Oltre all'agrivoltaico, lo sviluppo solare su larga scala può anche espandere o preservare l'habitat della fauna selvatica. Ad esempio, un numero crescente di impianti solari sta incorporando una vegetazione nativa favorevole agli impollinatori o fornendo recinzioni rispettose della fauna selvatica.

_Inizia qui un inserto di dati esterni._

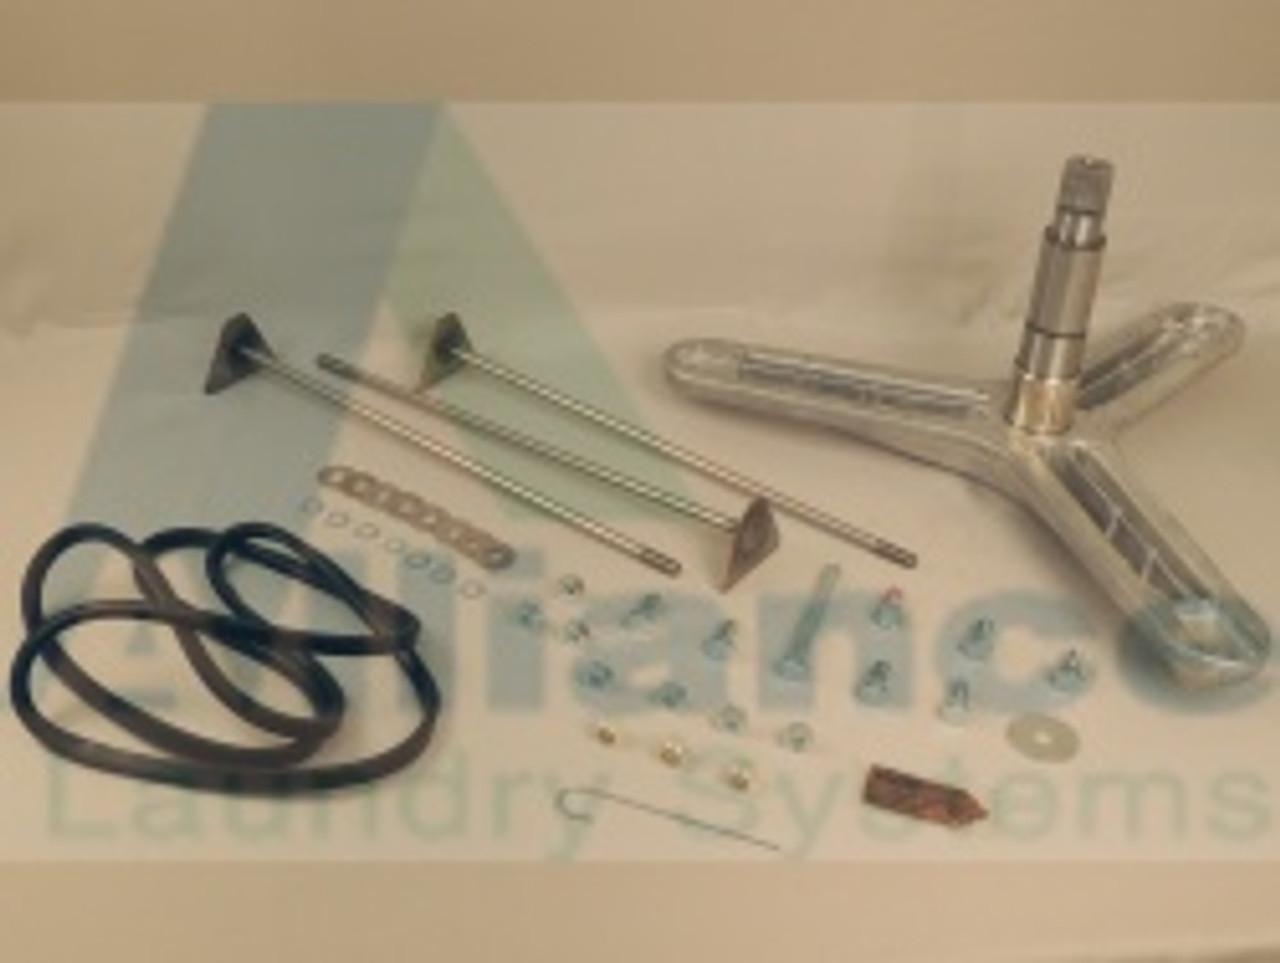 800749p Trunnion Shaft Hardware Kit Parts4laundry Com

Mentre alcuni sviluppatori solari stanno abbracciando l'agrivoltaico o progetti di progetti rispettosi della fauna selvatica, i pianificatori e i funzionari locali possono promuovere un'adozione più diffusa aggiornando i piani locali e le normative urbanistiche per richiedere o incentivare tipi o caratteristiche di progetti specifici. Le foto sottostanti illustrano come modifiche modeste al design della struttura possono espandere i vantaggi dello sviluppo solare.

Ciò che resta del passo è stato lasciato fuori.